Block Diagonal Pattern
Distinct groups of correlated variables with weak between-group correlation.
Target Correlation
One row/column showing which features correlate with target variable.
Statistical Considerations
Sample Size
- Small samples (<30): Correlations unreliable
- Medium samples (30-100): Use with caution
- Large samples (>100): More reliable estimates
- Very large samples: Even tiny correlations may be "significant"
Assumptions
- Linear relationship between variables
- Continuous or ordinal numerical data
- No extreme outliers
- Bivariate normal distribution (for significance tests)
Limitations
- Only detects linear relationships
- Outliers can heavily influence results
- Does not imply causation
- May miss non-linear relationships
Related Analyses
After Correlation Analysis
- Scatter plots - Visualize specific pairwise relationships
- Partial correlation - Remove effect of confounding variables
- Regression analysis - Model relationships
- Principal Component Analysis - Reduce dimensions
- Cluster analysis - Group correlated variables
Example Scenarios
Machine Learning Feature Selection
Identify features correlated with target and remove redundant features.
Financial Data Analysis
Find relationships between economic indicators.
Healthcare Data
Understand relationships between patient measurements and outcomes.
Marketing Analytics
Identify which metrics move together for campaign optimization.
Troubleshooting
Issue: All correlations are very weak (near 0)

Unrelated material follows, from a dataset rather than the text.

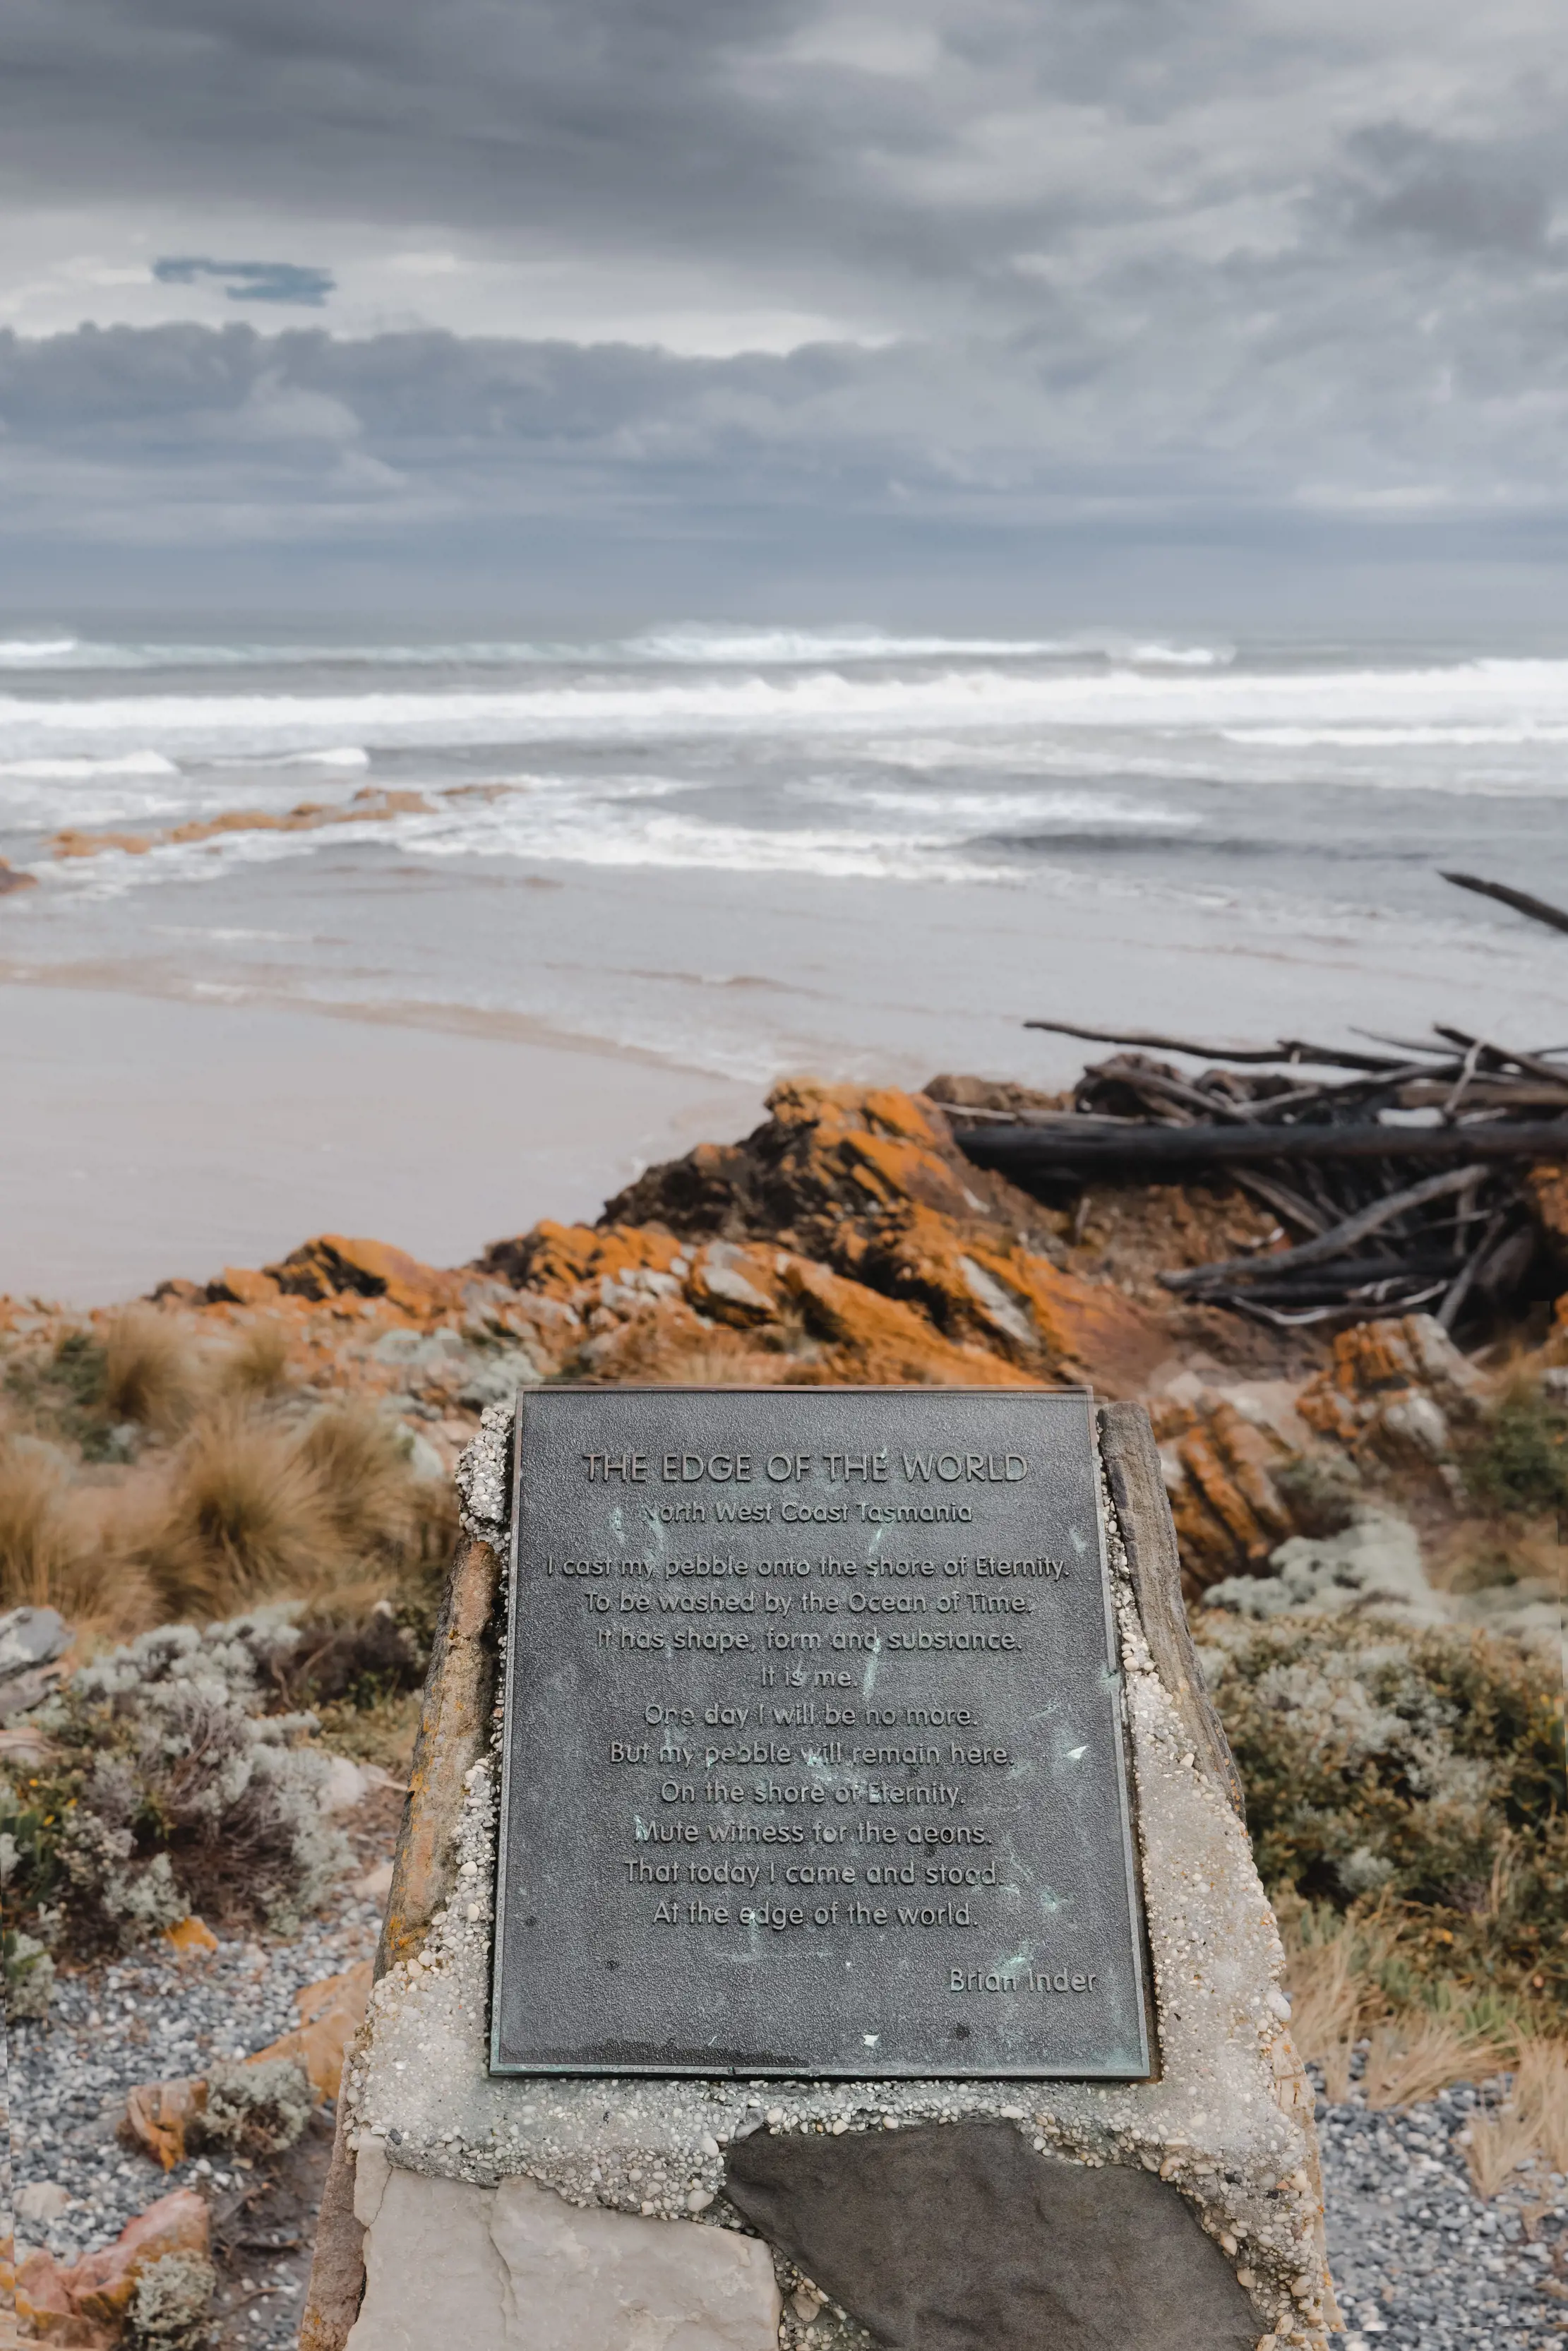 A plaque labelling "Edge of the World" in the bottom centre of the image with the ocean in the background.

- Solution: Variables may truly be independent, or relationships may be non-linear. Check scatter plots. Verify data quality and that variables are numerical.
Issue: Correlation matrix is not symmetric
- Solution: This should not happen. Check data and report as bug. Matrix must be symmetric by definition.
Issue: Perfect correlations (1.0) off the diagonal
- Solution: Two variables are perfectly linearly related - one is redundant or they're measuring the same thing. Remove one.
Issue: Cannot see color differences
- Solution: Enable "Annotate Segments With Value" to see exact numbers. Consider different color scale.
Issue: Too many variables to read
- Solution: Reduce number of columns (limit to 10-15), or create multiple correlation matrices for subsets of variables.
Issue: Unexpected correlations appear
- Solution: May indicate data issues, confounding variables, or interesting relationships. Investigate with scatter plots and domain expertise.
Issue: Negative correlation where positive expected (or vice versa)
- Solution: Verify variable coding (e.g., satisfaction coded as 1=bad, 5=good). Check for data entry errors.
Issue: Very strong correlations everywhere
- Solution: Variables may be measuring similar constructs. Check if variables need to be transformed or if multicollinearity is present.